The Ninth Circuit Court of Appeals has rejected the NLRB’s conclusion that a union’s banner displayed in front of a secondary employer constituted a secondary boycott. In the process, the Court has confirmed the free speech right of unions and their members to inform the public of a labor dispute in front of secondary businesses not directly involved in the dispute. In Overstreet v. Carpenters Local 1506, 409 F.3d 1199, the Carpenters protested several retail businesses that used non-union contractors. On public sidewalks outside the businesses, the Carpenters erected large, four by fifteen foot banners, that stated: “LABOR DISPUTE: SHAME ON [NAME OF RETAILER]” and, outside another business – a restaurant – it read “LABOR DISPUTE: DON’T EAT AT ANTHONY’S FISH GROTTO”. The Union also passed out pamphlets that explained the dispute involved a contractor and not the retail businesses themselves. Naturally, the businesses filed ULP charges, and the NLRB sought an injunction against the Carpenters in court claiming the banners were the equivalent of unlawful secondary pickets.

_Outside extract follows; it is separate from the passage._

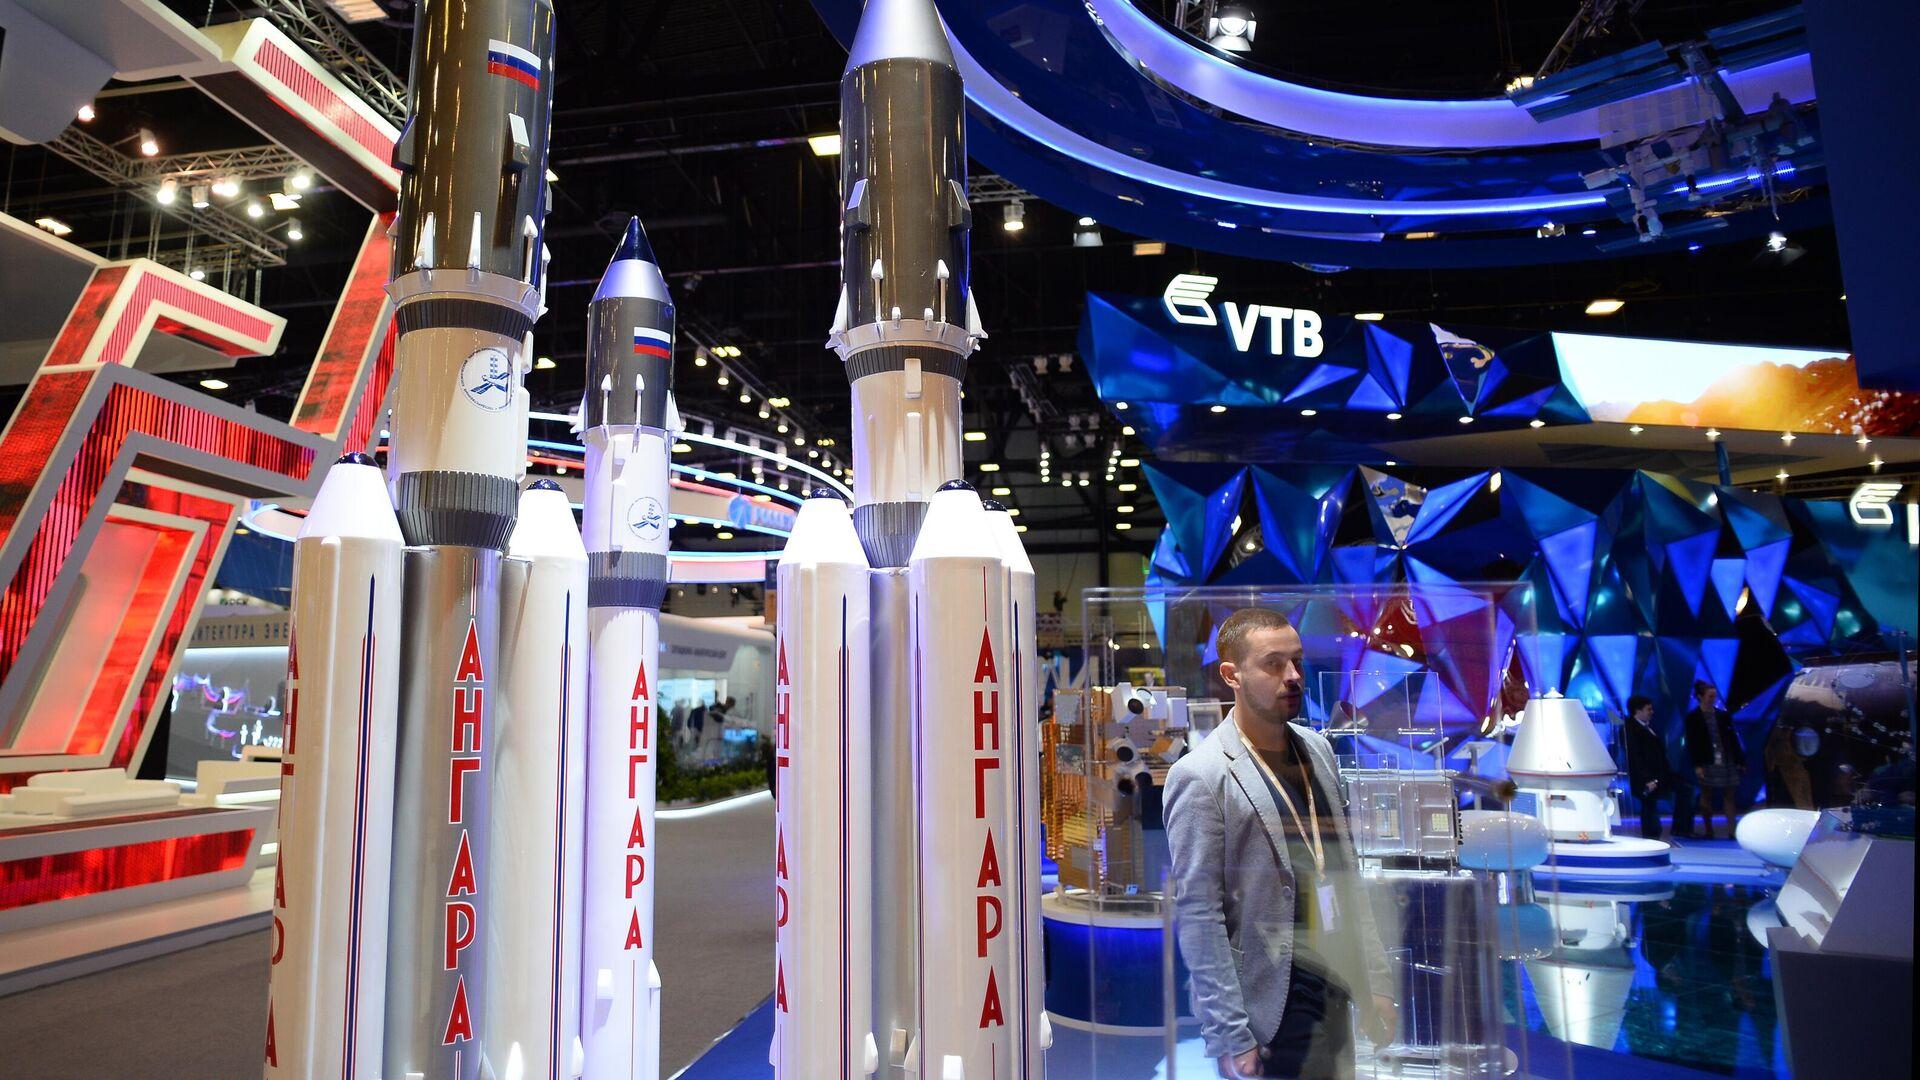 Макеты ракет Ангара - РИА Новости, 1920, 18.02.2021

The Ninth Circuit rejected the claim, ruling that an injunction would unduly risk infringement of the union’s constitutional free speech rights, because:
  • The demonstration took place on public property and was far away from the retailers’ entrances;
  • The banners faced the public, and not the retailers, indicating the Carpenter’s actions were not aimed at the retailers’ employees or intended to block access by patrons;
  • The Carpenters did not patrol or picket in front of the retailers, or make any physical or “symbolic” barriers between the entrances and the public; and
  • The banners contained no false assertions.
This decision represents a setback for the NLRB’s attempt to label the display of large banners in front of secondary employers as illegal picketing, but unions must be careful when going beyond the use of traditional handbills when pressuring secondary employers. If any of the factors the court relied on in this case are not present, a union displaying a banner near a secondary employer runs the risk of being slapped with a secondary boycott complaint.